To size a relief valve for a LN2 cryostat I have to know “worse case” boil-off rate when vacuum insulation failed and inner vessel with LN2 is in direct contact with room temperature air at 300K.
So, I am looking for a heat flux value (watt/m2) to LN2 inner vessel when vacuum insulation completely failed and dT = 300-77=223K.
Typical LN2 cryostat has approx. 1″ thick MLI super insulation, then the heat flux can be calculated as conduction through the 1” MLI and dT=223K. q1= ? [W/m2]
In case of No MLI (only vacuum insulation), the calculation is more difficult, since it will be air condensation on the outer surface of the inner LN2 vessel. q2 = ? [W/m2]

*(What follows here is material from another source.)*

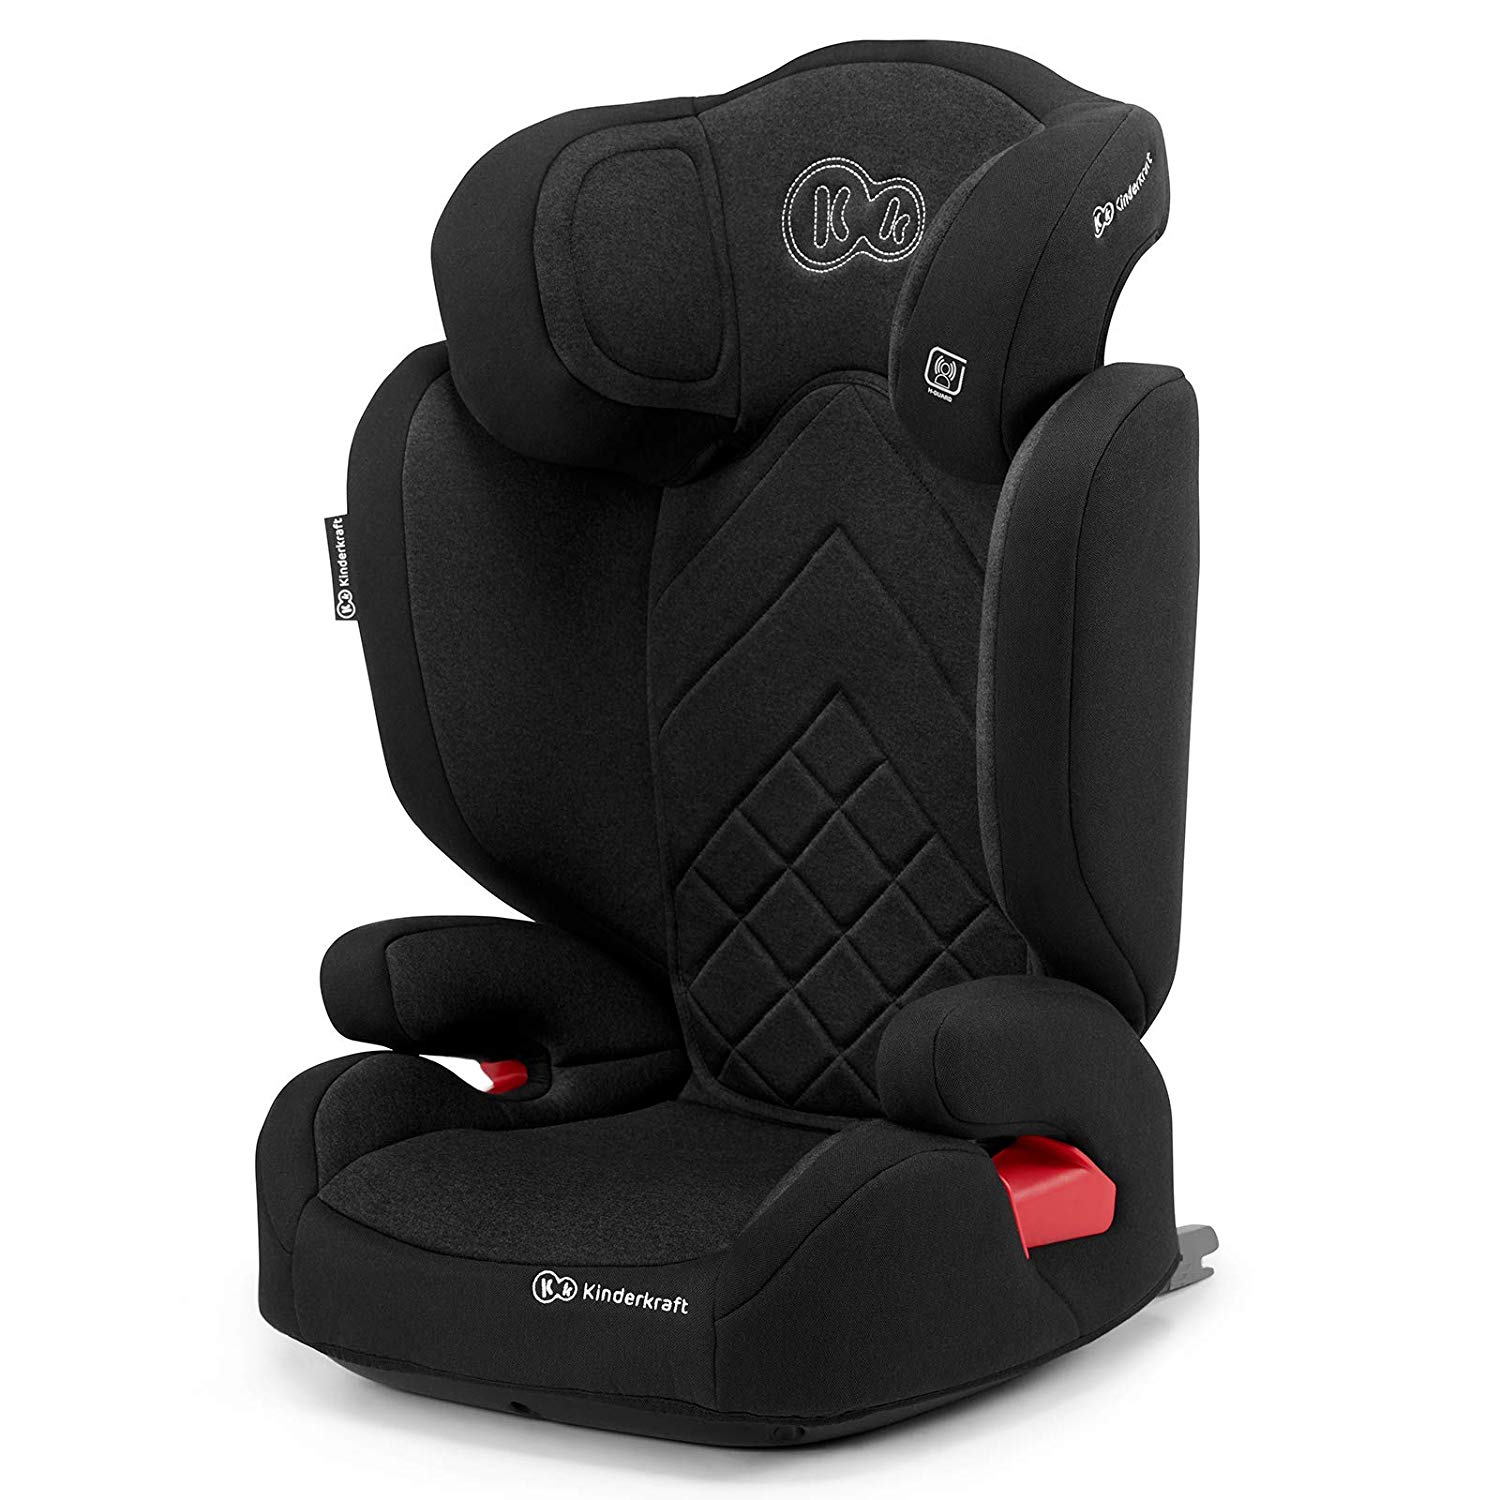 Kinderkraft XPAND Child Car Seat, Child Car Seat, Child Seat with Isofix, Adjustment of Headrest and Width of Side Walls, Group 2/3 15-36 kg, Intertek and ECE R44/04, Black

I can do all the calculations myself, but since it is a very typical task, then I believe it is a well known number for an expert.
CSA Archive 
Research Center Karlsruhe (Lehmann and his team) did some studies / experiments on vacuum breakdown while I was there – see for typical values for helium:
W. Lehman and G. Zahn, “Safety Aspects for LHe Cryostats and LHe Transport Containers,” ICEC7, London, 1978.
This really highly depends on the number of MLI used in the dewar. Not sure whether it covers nitrogen as well but you can get an idea about the heat loads. I believe I have the data somewhere but need to dig deeper to find it.